The Sim.6-0 took the exact material properties and process parameters as in [23]. Despite some discrepancies, all characteristics (e.g. disappearance of the reheating peak) in the temperature profiles were well simulated. Except for the first layer (which was heavily influenced by the build plate), Sim.6-0 overpredicted the cooling with a material emissivity \(\varepsilon =\) 0.87. However, the predictions by Sim.6-1 gave an upper bound for the experimental monitoring when ignoring the radiant heat transfer. Logically, an intermediate emissivity can give a better prediction. In addition, its significance is self-explanatory again, even at a low-moderate nozzle temperature of 200 °C.

6 Conclusions

This article presents a three-dimensional transient-state numerical model T4F3 for temperature fields and their variations in fused filament fabrication (FFF) printed parts.
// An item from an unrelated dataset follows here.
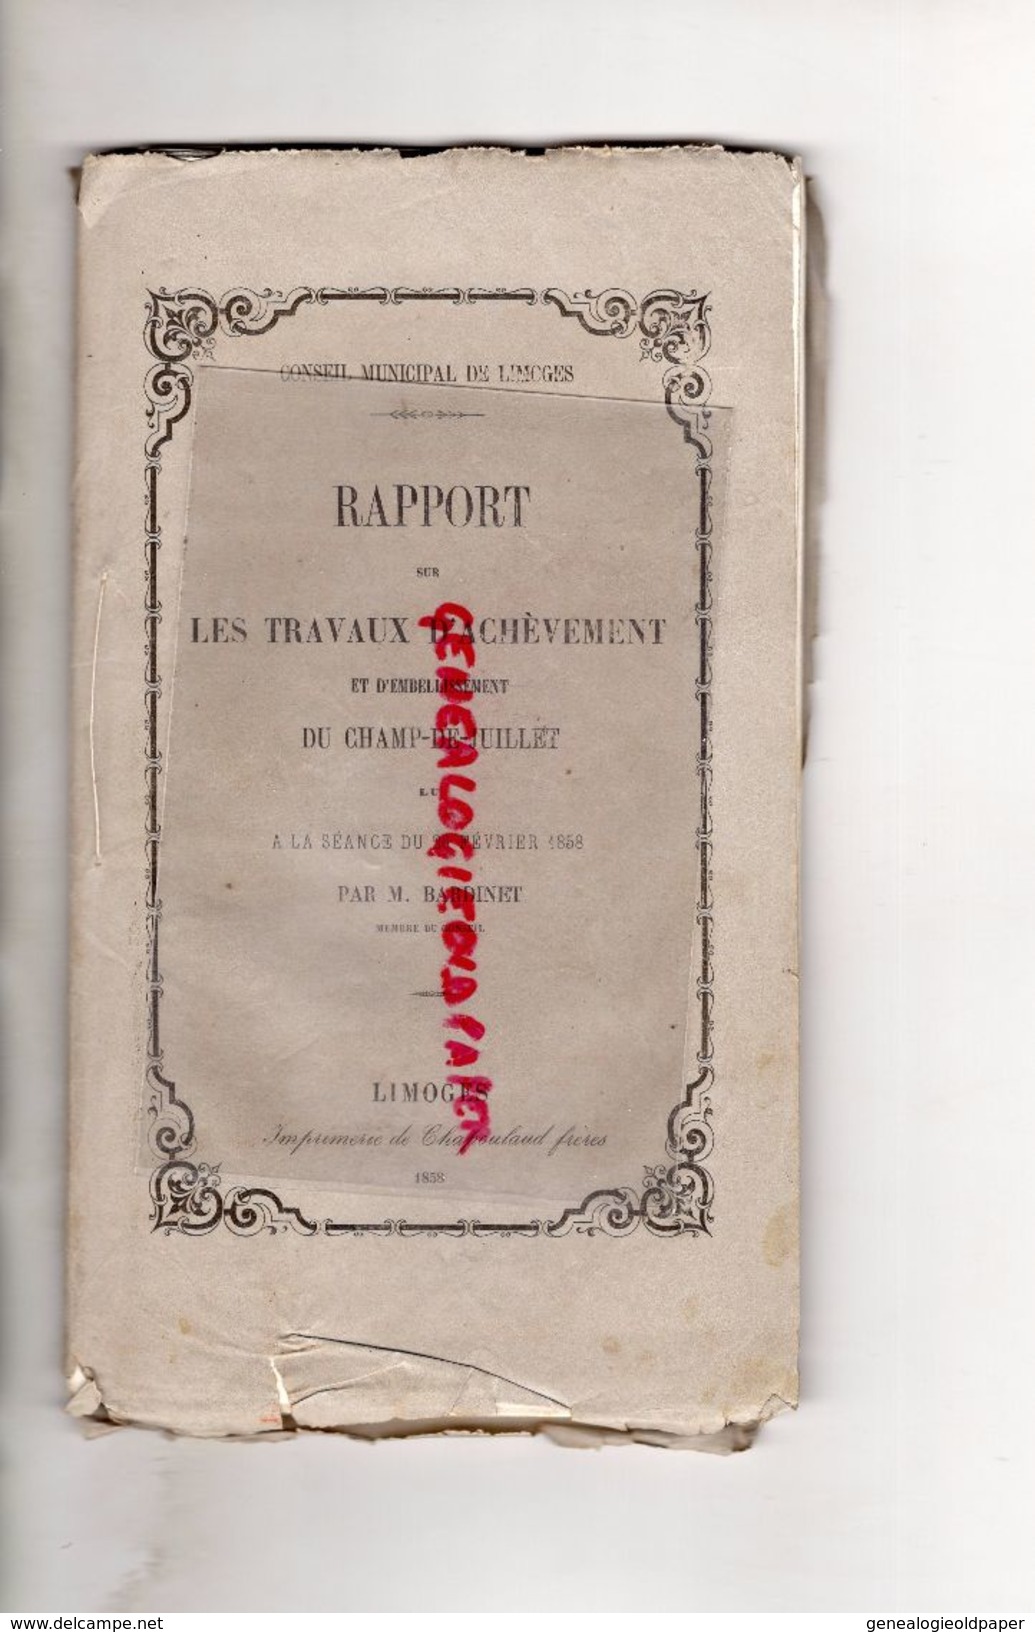 87 -LIMOGES -RARE RAPPORT ET PLAN SUR TRAVAUX ACHEVEMENT EMBELLISSEMENT CHAMP DE JUILLET -26 FEVRIER 1858- PAR BARDINET - Historical Documents
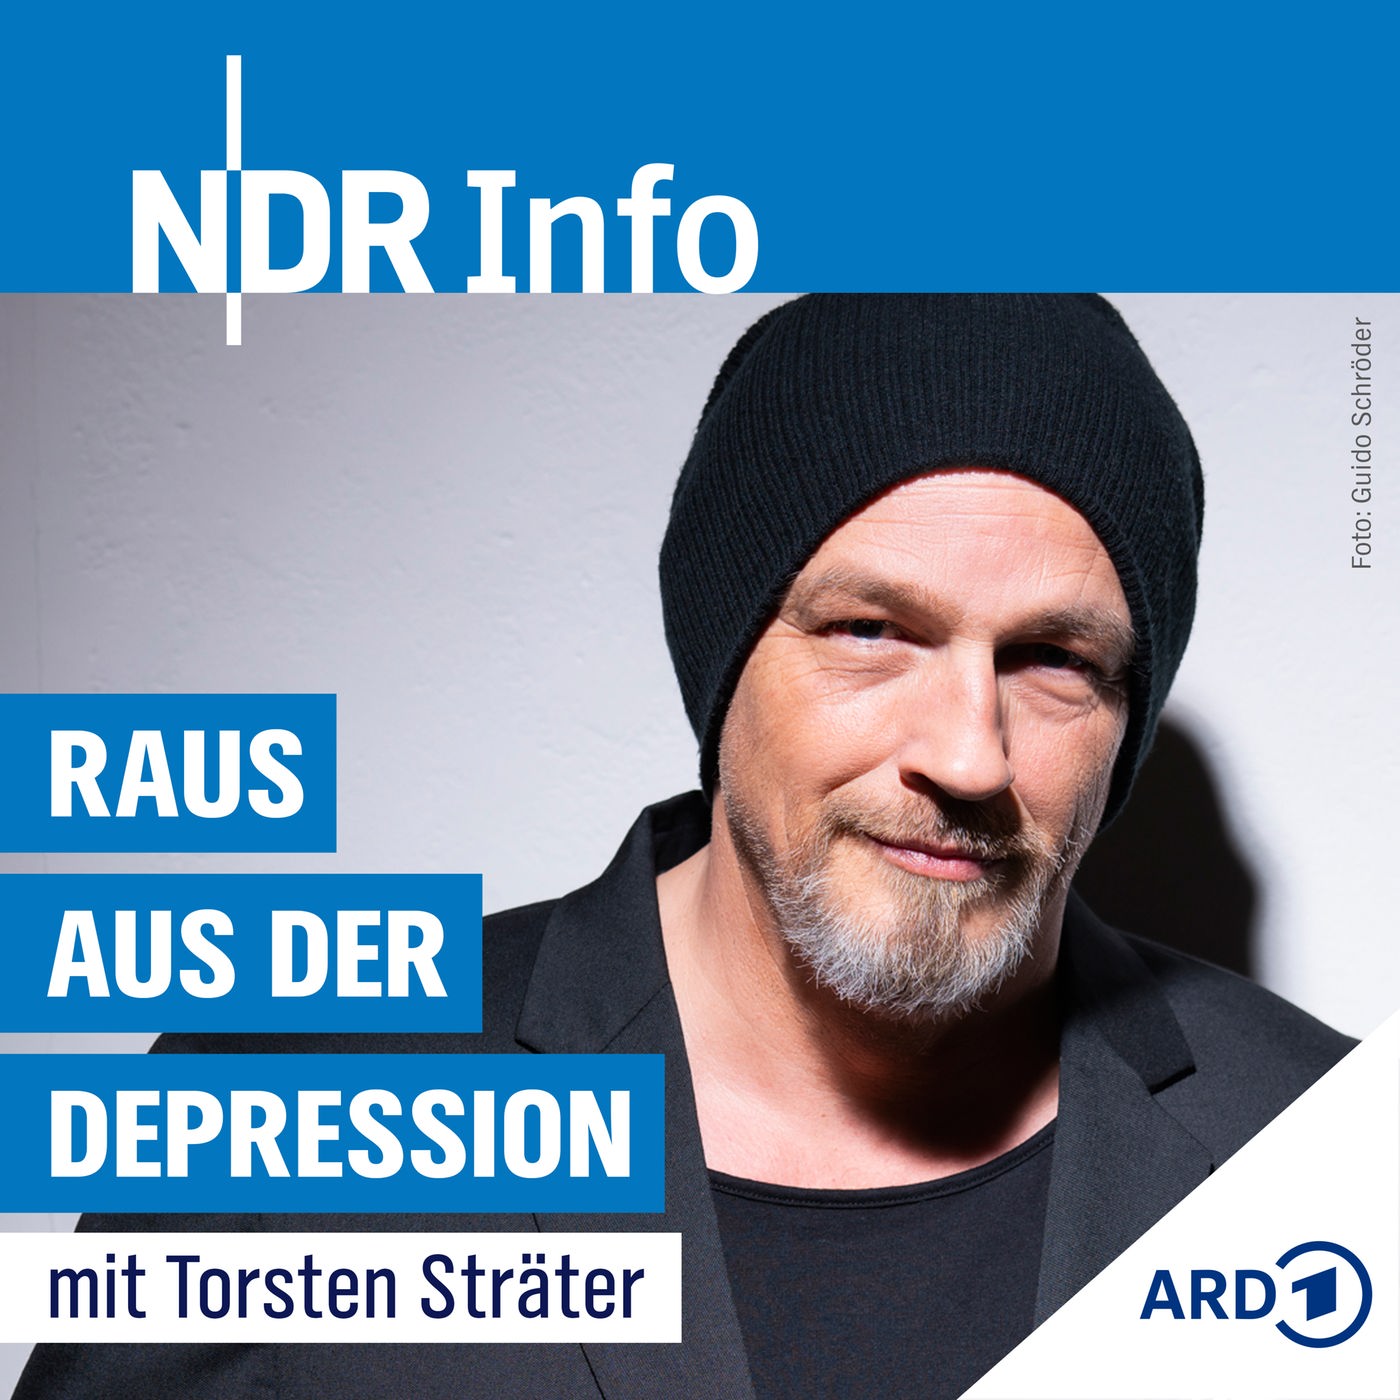 Torsten Sträter: Depression bei Männern

It admits at least 18 input variables among geometry dimensions, material properties and process parameters, including dynamic material properties, material anisotropy and radiant heat transfer. The model validation is performed against six sets of experimental data, covering data obtained with different machines, geometries, materials, processes, temperature measuring methods, etc. Certain discrepancies between the experimental data and simulations are observed, but they can be reasonably ascribed to the errors in experimental monitoring and uncertainties in the input variables. All critical heat transfer characteristics in the monitoring are satisfactorily simulated. The T4F3 model has been made openly available on the website https://iiw.kuleuven.be/onderzoek/aml/technologyoffer. During the investigations, significant insights into the thermal process of FFF are also obtained:

  • A concept of heat penetration depth has been identified for FFF printing with poly(lactic acid), ranging from 2.4 to 3 mm (or 8–12 layers at a layer thickness of 300 \(\mathrm{\upmu m}\)). Any local thermal disturbance (due to deposition, reheatings, unique thermal boundary, etc.) has little influence on locations 3 mm away.

  • The reheating peaks in temporal temperature profiles are closely related to the Biot number Bi. A lower Bi—due to lower layer thickness and/or higher thermal conductivity—correlates to a higher reheating peak, a lower peak width, a shorter time to reach the summit, and a higher heat penetration depth.

  • The radiant heat transfer between the printed parts and the far environment can be ignored in FFF only when printing at a medium/high-resolution (e.g. layer thickness \(\hbar \le\) 300 \(\mathrm{\upmu m}\)) and subjected to forced convection. In all other cases, it cannot be ignored.

  • Temperature-dependent material properties may not outperform constants in the heat transfer. Constant material properties at a temperature close to the glass transition temperature are recommended for simulations.

So far, the T4F3 model has been successfully applied to explain the role of a closed chamber (on the decaying air temperature \({T}_{\mathrm{a}}(z)\) above the build plate [19]), the possibility of FFF in vacuum (on the dependence of thermal convection on the air pressure [47]), the inter-layer time similarity rule [3], etc. With minimal modifications, it can be used to quantify the effect of pre/post-heating with a hot plate attached to the nozzle [39] (on the role of a specialised form of \({T}_{\mathrm{a}}(z)\)), to study the hot-end designs [34, 36] (on the role of radiant heat transfer from the hot-end), or to study the thermal process of continuous fibre-reinforced printing [48] (on the role of conduction anisotropy), etc. It is noteworthy that the model still suffers from heavy calculation and data storage. The simulation process may lag behind the physical process of printing. Hence, it does not suffice for online feedback control with the current single-scale geometry modelling strategy. Despite so, it establishes a firm step towards future investigations into the non-isothermal bond quality, crystallinity development (for semi-crystalline materials only), thermal deformations, etc., where reliable temperature data are the prerequisite.